FAQs
Why don't you bill to my insurance?
After over 25 years of private practice, our physicians and staff have grown weary of dealing with 3rd party payers. Service denials, limitations on the number of visits, pre-authorizations for medically necessary services, and high deductibles and out-of-pocket costs were causing frustration and affecting patient care. By dropping our participation with the 3rd party payers, we can contract directly with each patient to make a proper diagnosis and develop a treatment plan that is better suited to YOU - not the insurance company!
What are the benefits of direct patient care?
There are many.
- No long waits for an appointment to see a specialist. Our physicians typically have available appointment slots within a week or two - in some cases, we may even be able to work a patient in on the same day!
- No long waits in the waiting room. We have a more flexible schedule that allows us to space out our appointment slots so that most patients can be directed right back into the treatment area without waiting. Your time is just as important as ours!

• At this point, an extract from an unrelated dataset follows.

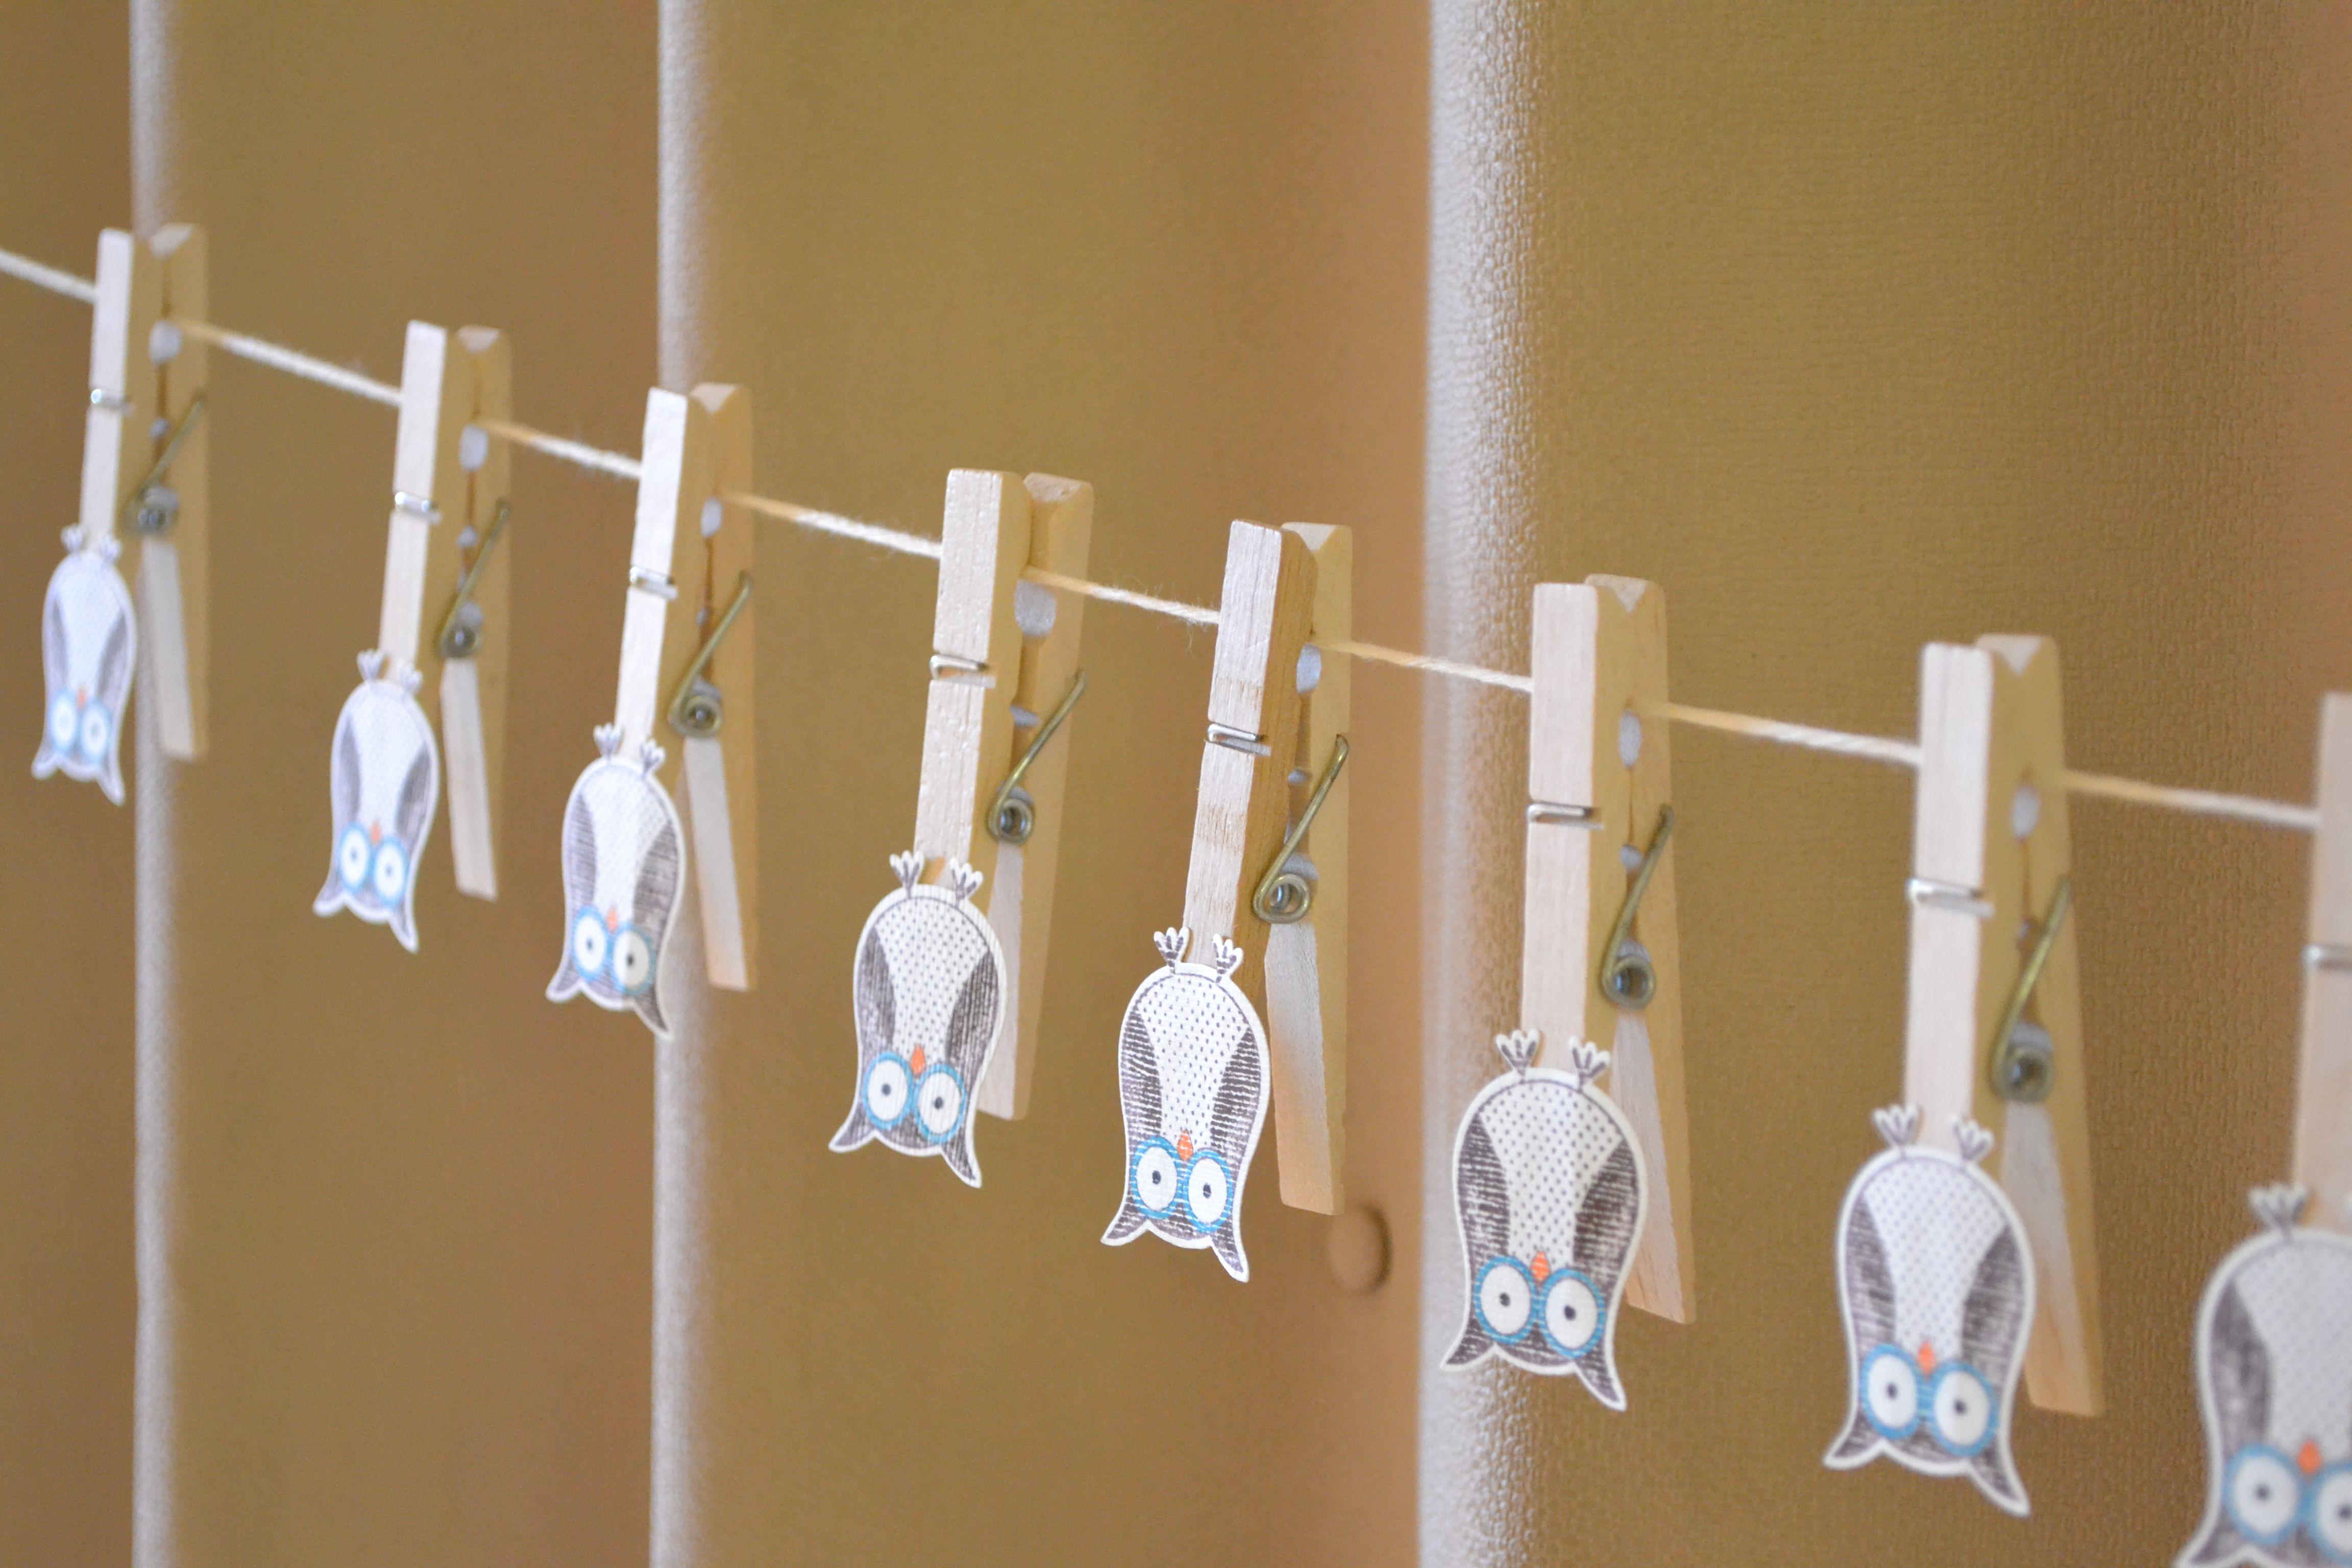 Amusing Baby Shower Owl Themed For Hanger Clothingline

- More face-to-face time with your provider. We don't have nurses or ancillary medical providers on staff. Our doctors will care for you directly. New patient visits are scheduled for one full hour so that our doctors can take the time to listen to our patients concerns and address them as needed.
- No surprise billing. Payment is due in full at the time of service. Our staff will discuss charges with you ahead of time so that by the time you check out you know exactly how much your bill will be. No added charges or bills will be sent after your visit.
- Reasonable fees. We don't have to "upcharge" our visits to make up for uninsured patient care or low insurance reimbursement rates. We charge a fair and customary fee for all services provided. In many cases, our fees are significantly less than what would be charged at other medical clinics.
Can I still submit a claim for services rendered to my insurance company?
Yes! In most cases, our staff can provide you with an itemized receipt that you can submit to your insurance company for possible reimbursement. Be sure to check with your insurance carrier to determine if you have any out-of-network benefits. ***Be advised that many government insurance plans, including Medicare, do NOT allow for patient claim submission.
Can I use my insurance benefits if I am referred outside of your office?
Yes! You can still use your own insurance benefits as usual at your pharmacy to pick up prescriptions that our doctors order or for local physical therapy services or at the hospital for outpatient radiology and/ or lab services.
Will my problem be treated on the first visit?
In many cases, yes! Many conditions, including routine nail trimming, fungal nail care, plantar wart treatment, corn or callus removal, shoe evaluation, and orthotic/ insert fittings, can all be addressed and treated promptly at the same visit. More complex problems, like sports injuries, heel pain, or infected ingrown toenails, may take an additional visit or two to properly resolve. Your doctor will discuss the treatment plan in detail with you at your first visit so that you'll know what to expect.